Anooraq Resources - Assets in South Africa (July 2009 acquires control of the Bokoni platinum mine) 350 NE of Johannesburg; Grade 4.2 g/t vs industry avg of 3.5 g/t. There are also two other major projects nearby. Bokoni produces 120,000 oz of PGM annually but is forecast to rise to 220,000 ounces by 2014 due to phase 1 expansion. It is a 200M oz resources but only 1.76M ounces have been extracted from it since 1973. The other project Impala has operated since 1969 and has a resource of 68M oz. Platinum contributes 60% of revenue with palladium at 16%. Capital expenditure is currently $45.7M rising to $47.6M in 2012 and $48.3M in 2013. (Anooraq Resources BMO Capital February 2011)Northam Platinum - South African mining company. In 2010/2011 it reported sales declines for most of the PGM including -17.8% for rhodium (732 kg), -22.0% for palladium (2,821 kg), -18.9% for platinum (6,118 kg), -26.1% for ruthenium (999 kg) and -17.7% for iridium (241 kg).

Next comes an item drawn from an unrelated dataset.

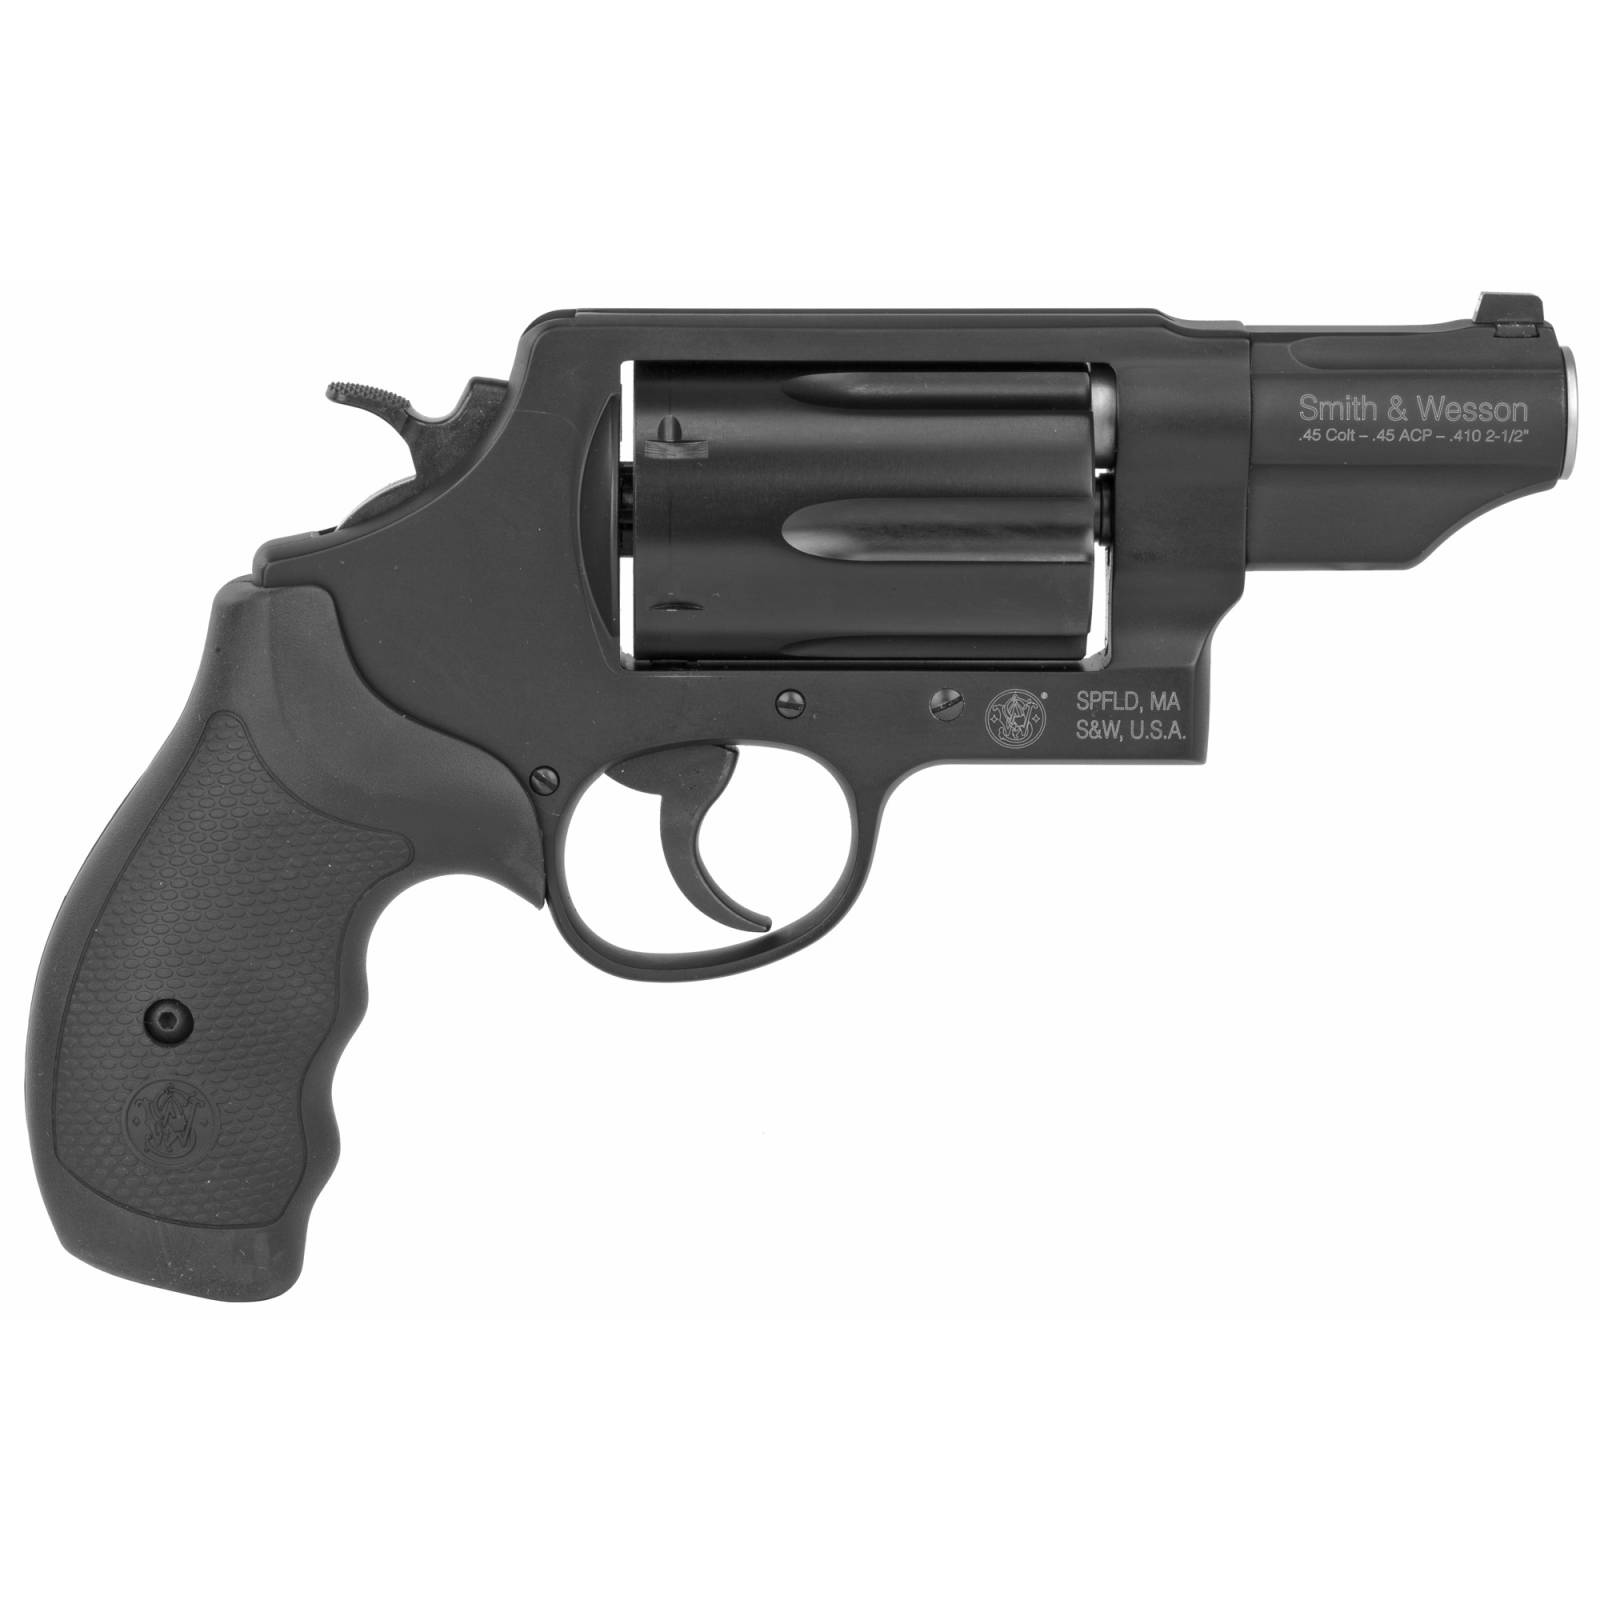 Smith and Wesson Governor 410 Bore/45 Colt/45 ACP 2.75in Barrel 6rd

Lonmin Ltd - About half of production (0.75/1.5M ounces of PGM total) is in platinum. 8.9% of 2010 revenue was in palladium ($141/$1585m) that's up from 6.4% ($68/$1062m) in 2009. Revenue by continent is balanced with Europe ($529m) and America ($453 double what it was in 2009) leading the way. Though revenue expanded 49.25% cost of sales increased by only 13.60%. Although revenue improved in 2010 it is still relatively low as compared to previous years (ranged from $1855m-$2231m from 2006 to 2008). Underlying earings per share have also suffered (between 282.4 and 335.8 cents btw 2006 & 2008 but in 2010 it was just 70.2 cents (56.9c basic). Only about 40 people work for the company.
Northern Platinum Ltd was merged into Prophecy Coal Ltd mid 2011. Some of the world's biggest companies also have reserves of palladium but the metal is of only minor importance (at Vale for example only 1% of its revenue from PGM metals comes from palladium; Vale's Pd reserves are 4.0M ounces).